Random graph generation

The generation of connected random graphs is non-trivial and important to many applications. In general, given $n, m \in \mathbb{N}$, it is not difficult to sample a random graph from the space of all graphs of $n$ vertices, $m$ edges. The problem becomes more difficult when we require $(a)$ that the randomly generated be connected and, if possible, $(b)$ that any possible such graph has the same probability of being generated (i.e. that we sample the connected graphs with uniformity).

This entry contains two algorithms for sampling random connected graphs. Both algorithms are of reasonable complexity, as a formal analysis as well as practical benchmarking will show. Only one of them, however, samples graphs with uniformity, at the expense of some extra computational expense.

Randomly generated graphs

Bottom-up approach

The bottom-up approach consists in generating a random spanning tree and constructing a random graph from it by adding edges. The advantage of this approach is that, once a spanning tree is generated, edge-adition is guaranteed to preserve the connectivity invariant.

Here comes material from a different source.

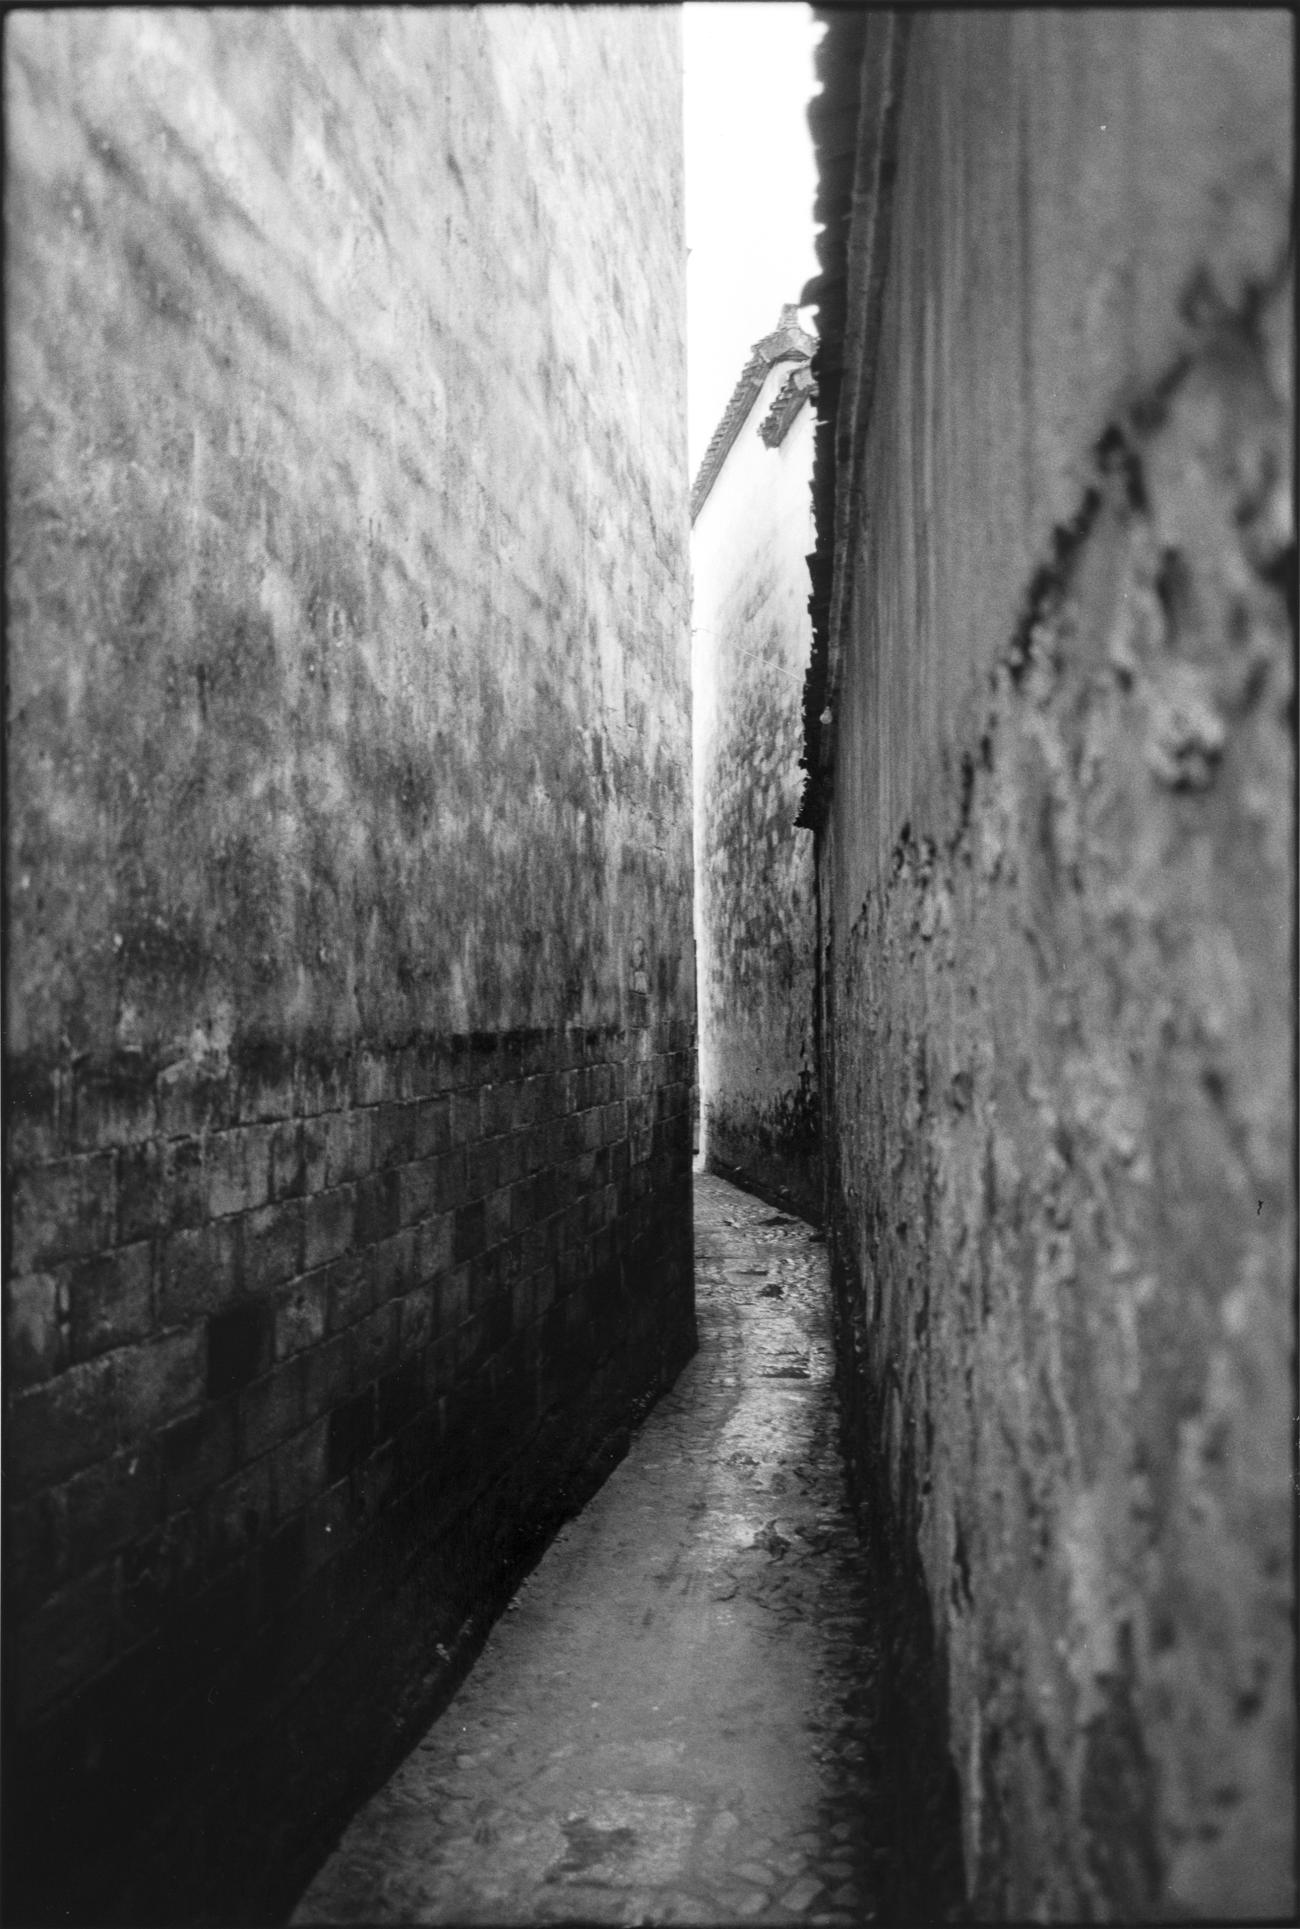 photo noir blanc ruelle entre deux murs hauts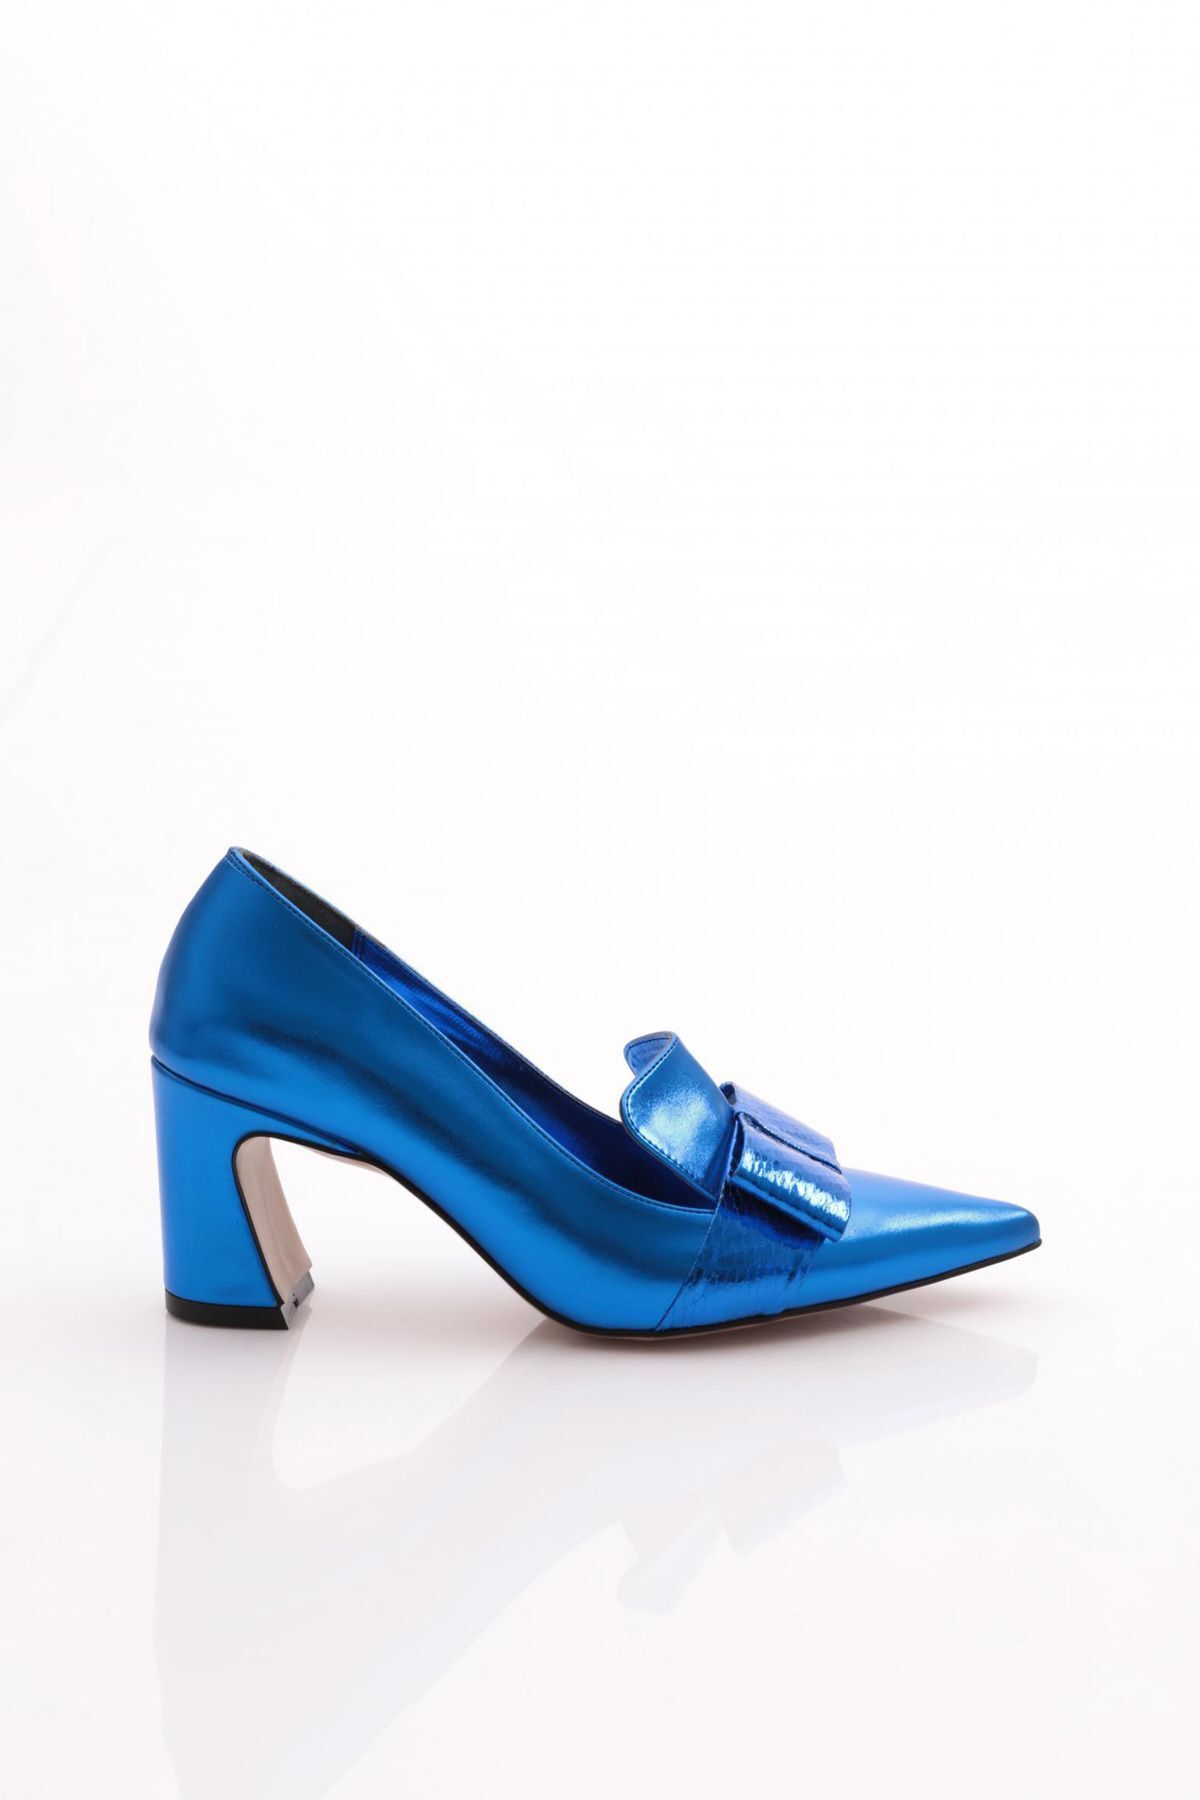 Dgn 159 Kadın Kurdela Desenli Topuklu Ayakkabı Mavi Metalik

Before proceeding, let us give a few definitions.

We use $\mathcal{T}_n$ to denote the set of all trees of $n$ vertices, $\mathcal{G}_n$ the set of all graphs with $n$ vertices, and $\mathcal{G}_{n, m}$ the set of all graphs with $n$ vertices and $m$ edges. We shall assume the vertices of these graphs are labeled $1, \ldots, n$.
For any $T \in \mathcal{T}_n$, we define $\mathcal{U}_T := \left\{ G \in \mathcal{G}_n : T \subseteq G \right\}$ and refer to it as the universe of $T$. Thus, the universe of $T \in \mathcal{T}_n$ is the set of graphs spanned by $T$.
Let $\Lambda(n) = \{ \{ x, y \} : x, y \in \{ 1, \ldots, n\} \}$, the set of all possible edges in a graph of $n$ vertices.

Prüfer sequences

The Prüfer sequence of $T \in \mathcal{T}_n$ is a word over the alphabet $\Sigma = \{0, \ldots, n - 1\}$ of length $n - 2$. Prüfer proved that there is a bijection between $\mathcal{T}_n$ and $\Sigma^{n-2}$ (which incidentally provided a nice proof of the fact that there are $n^{n-2}$ distinct trees of $n$ vertices). We will use random Prüfer sequences to construct random trees.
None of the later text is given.